[[ THE DATA, beginning ]]

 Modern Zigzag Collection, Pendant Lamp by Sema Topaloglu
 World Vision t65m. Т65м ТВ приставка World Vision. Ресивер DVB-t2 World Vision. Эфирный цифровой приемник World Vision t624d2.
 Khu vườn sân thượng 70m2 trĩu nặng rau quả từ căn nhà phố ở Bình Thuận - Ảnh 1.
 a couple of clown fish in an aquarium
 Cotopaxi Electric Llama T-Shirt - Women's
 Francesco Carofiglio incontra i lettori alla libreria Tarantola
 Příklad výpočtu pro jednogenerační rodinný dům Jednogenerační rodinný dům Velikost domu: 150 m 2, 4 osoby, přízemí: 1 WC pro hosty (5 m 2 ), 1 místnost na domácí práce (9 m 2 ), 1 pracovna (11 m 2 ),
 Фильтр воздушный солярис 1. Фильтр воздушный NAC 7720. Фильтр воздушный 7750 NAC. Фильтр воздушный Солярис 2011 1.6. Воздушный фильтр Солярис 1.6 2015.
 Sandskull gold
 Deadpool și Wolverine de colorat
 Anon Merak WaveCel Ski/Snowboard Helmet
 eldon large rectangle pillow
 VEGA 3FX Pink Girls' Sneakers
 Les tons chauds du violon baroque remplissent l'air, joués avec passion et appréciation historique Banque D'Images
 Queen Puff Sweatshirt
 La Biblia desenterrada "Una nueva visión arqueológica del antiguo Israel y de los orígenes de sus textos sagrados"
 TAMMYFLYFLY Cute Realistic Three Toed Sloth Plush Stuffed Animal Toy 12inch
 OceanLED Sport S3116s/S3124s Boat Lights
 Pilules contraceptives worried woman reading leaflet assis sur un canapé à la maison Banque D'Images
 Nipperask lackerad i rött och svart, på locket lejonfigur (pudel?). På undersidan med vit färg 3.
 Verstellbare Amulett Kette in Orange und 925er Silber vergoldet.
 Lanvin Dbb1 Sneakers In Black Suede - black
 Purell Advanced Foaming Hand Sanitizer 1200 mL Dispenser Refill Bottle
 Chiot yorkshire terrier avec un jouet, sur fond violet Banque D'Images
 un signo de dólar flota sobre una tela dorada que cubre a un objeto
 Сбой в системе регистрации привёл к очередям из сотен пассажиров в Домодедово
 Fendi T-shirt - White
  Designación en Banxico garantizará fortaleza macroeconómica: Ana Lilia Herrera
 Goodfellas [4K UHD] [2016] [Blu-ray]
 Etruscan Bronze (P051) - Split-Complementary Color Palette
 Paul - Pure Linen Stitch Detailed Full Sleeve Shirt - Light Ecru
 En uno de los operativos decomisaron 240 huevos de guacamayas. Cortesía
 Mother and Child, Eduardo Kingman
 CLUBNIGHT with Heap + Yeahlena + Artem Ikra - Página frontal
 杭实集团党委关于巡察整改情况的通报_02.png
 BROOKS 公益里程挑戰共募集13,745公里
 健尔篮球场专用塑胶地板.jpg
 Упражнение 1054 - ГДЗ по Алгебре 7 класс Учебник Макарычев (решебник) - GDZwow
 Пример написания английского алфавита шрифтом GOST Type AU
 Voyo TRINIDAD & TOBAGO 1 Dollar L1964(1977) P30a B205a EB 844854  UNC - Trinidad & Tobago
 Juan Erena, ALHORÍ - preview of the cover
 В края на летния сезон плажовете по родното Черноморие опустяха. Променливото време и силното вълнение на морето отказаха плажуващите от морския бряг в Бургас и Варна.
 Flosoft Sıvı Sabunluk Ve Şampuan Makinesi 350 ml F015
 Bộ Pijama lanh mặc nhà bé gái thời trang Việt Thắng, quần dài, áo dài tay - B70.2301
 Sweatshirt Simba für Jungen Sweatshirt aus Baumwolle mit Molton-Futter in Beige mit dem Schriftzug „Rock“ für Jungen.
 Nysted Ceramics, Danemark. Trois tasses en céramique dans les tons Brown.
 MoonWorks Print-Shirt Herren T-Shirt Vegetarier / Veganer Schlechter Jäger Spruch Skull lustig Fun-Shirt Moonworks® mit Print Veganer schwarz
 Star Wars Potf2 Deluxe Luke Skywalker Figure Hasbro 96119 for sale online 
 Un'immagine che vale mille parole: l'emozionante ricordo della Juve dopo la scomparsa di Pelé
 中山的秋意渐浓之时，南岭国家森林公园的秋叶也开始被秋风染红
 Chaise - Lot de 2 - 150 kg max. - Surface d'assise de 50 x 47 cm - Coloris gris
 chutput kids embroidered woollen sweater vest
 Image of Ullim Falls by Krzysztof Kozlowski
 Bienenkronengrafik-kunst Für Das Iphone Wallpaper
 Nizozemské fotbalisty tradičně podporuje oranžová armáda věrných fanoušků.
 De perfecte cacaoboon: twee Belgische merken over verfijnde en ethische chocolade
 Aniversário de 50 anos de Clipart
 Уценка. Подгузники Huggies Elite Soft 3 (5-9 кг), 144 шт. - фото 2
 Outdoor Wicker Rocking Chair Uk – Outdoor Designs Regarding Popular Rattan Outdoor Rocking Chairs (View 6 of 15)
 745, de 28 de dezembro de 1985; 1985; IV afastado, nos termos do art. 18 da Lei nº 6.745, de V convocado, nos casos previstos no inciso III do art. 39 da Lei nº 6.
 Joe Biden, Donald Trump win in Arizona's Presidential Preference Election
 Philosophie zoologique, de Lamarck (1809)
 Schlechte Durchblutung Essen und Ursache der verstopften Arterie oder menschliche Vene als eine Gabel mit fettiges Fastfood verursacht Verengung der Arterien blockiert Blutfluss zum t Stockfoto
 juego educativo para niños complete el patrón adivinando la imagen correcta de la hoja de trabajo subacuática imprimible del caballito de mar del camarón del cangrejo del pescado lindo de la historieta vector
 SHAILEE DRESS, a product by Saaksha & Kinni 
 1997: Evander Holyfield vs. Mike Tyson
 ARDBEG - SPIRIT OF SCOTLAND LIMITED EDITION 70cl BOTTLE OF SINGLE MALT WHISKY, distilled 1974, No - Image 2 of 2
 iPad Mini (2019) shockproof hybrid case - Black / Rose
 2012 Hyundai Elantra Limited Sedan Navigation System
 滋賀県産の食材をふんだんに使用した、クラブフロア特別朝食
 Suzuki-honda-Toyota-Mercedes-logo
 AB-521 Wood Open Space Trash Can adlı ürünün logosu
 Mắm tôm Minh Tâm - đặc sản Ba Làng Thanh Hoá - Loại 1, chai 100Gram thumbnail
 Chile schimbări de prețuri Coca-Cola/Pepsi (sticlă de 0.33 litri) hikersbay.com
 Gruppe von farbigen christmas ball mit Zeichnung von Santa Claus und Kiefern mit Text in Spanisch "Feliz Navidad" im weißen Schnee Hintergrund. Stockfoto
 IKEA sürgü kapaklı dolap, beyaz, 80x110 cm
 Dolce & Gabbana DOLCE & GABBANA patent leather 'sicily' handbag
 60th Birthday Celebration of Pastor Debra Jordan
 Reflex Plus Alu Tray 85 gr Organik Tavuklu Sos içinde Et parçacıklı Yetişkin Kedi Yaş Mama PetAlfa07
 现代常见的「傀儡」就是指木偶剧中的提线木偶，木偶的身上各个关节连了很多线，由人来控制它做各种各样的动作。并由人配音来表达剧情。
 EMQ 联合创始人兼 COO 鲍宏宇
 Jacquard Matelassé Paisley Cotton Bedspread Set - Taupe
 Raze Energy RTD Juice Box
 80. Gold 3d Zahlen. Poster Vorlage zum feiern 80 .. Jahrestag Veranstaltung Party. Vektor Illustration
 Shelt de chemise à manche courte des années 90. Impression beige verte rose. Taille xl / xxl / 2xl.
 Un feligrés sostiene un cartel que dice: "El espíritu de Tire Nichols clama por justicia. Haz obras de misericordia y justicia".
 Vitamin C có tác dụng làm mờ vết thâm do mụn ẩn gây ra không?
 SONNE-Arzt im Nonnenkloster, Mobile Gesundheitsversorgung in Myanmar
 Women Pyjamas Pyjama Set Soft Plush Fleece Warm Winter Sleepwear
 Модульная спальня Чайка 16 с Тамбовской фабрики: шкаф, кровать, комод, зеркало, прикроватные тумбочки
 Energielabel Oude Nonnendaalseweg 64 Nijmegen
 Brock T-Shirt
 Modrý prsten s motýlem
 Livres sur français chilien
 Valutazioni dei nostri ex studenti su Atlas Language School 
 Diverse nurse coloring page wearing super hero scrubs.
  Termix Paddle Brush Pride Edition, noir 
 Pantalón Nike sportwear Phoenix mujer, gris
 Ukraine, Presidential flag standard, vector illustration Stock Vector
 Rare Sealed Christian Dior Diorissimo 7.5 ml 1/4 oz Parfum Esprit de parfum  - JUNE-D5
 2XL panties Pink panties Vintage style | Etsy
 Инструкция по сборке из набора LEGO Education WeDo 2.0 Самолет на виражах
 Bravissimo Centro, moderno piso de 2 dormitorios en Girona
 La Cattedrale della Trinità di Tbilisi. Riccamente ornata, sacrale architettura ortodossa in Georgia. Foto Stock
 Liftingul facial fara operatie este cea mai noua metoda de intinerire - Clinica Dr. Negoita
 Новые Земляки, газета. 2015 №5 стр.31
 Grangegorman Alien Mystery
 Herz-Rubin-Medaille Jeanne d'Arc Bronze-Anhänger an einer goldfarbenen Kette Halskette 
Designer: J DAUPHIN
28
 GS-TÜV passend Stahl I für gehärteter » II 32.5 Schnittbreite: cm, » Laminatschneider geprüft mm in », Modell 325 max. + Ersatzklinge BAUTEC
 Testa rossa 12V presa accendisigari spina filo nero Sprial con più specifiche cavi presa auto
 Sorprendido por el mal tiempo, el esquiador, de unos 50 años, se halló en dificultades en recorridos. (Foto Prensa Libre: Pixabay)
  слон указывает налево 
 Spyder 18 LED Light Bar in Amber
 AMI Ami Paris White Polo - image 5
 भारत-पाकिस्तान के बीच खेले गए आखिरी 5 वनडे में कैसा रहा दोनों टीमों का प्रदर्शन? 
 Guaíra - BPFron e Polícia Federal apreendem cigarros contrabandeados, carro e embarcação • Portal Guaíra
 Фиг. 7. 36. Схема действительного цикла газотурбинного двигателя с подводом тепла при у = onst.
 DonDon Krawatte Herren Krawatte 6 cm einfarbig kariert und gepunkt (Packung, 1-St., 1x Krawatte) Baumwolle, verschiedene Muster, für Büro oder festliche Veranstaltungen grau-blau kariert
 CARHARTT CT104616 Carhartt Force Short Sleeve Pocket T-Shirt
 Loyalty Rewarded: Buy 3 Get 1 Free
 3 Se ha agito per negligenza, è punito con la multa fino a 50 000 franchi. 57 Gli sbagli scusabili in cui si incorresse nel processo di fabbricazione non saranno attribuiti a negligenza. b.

[[ THE DATA, end ]]

Repeat, exactly and only, the lines from the beginning of the material through the line that contains "VEGA 3FX Pink Girls' Sneakers".

 Modern Zigzag Collection, Pendant Lamp by Sema Topaloglu
 World Vision t65m. Т65м ТВ приставка World Vision. Ресивер DVB-t2 World Vision. Эфирный цифровой приемник World Vision t624d2.
 Khu vườn sân thượng 70m2 trĩu nặng rau quả từ căn nhà phố ở Bình Thuận - Ảnh 1.
 a couple of clown fish in an aquarium
 Cotopaxi Electric Llama T-Shirt - Women's
 Francesco Carofiglio incontra i lettori alla libreria Tarantola
 Příklad výpočtu pro jednogenerační rodinný dům Jednogenerační rodinný dům Velikost domu: 150 m 2, 4 osoby, přízemí: 1 WC pro hosty (5 m 2 ), 1 místnost na domácí práce (9 m 2 ), 1 pracovna (11 m 2 ),
 Фильтр воздушный солярис 1. Фильтр воздушный NAC 7720. Фильтр воздушный 7750 NAC. Фильтр воздушный Солярис 2011 1.6. Воздушный фильтр Солярис 1.6 2015.
 Sandskull gold
 Deadpool și Wolverine de colorat
 Anon Merak WaveCel Ski/Snowboard Helmet
 eldon large rectangle pillow
 VEGA 3FX Pink Girls' Sneakers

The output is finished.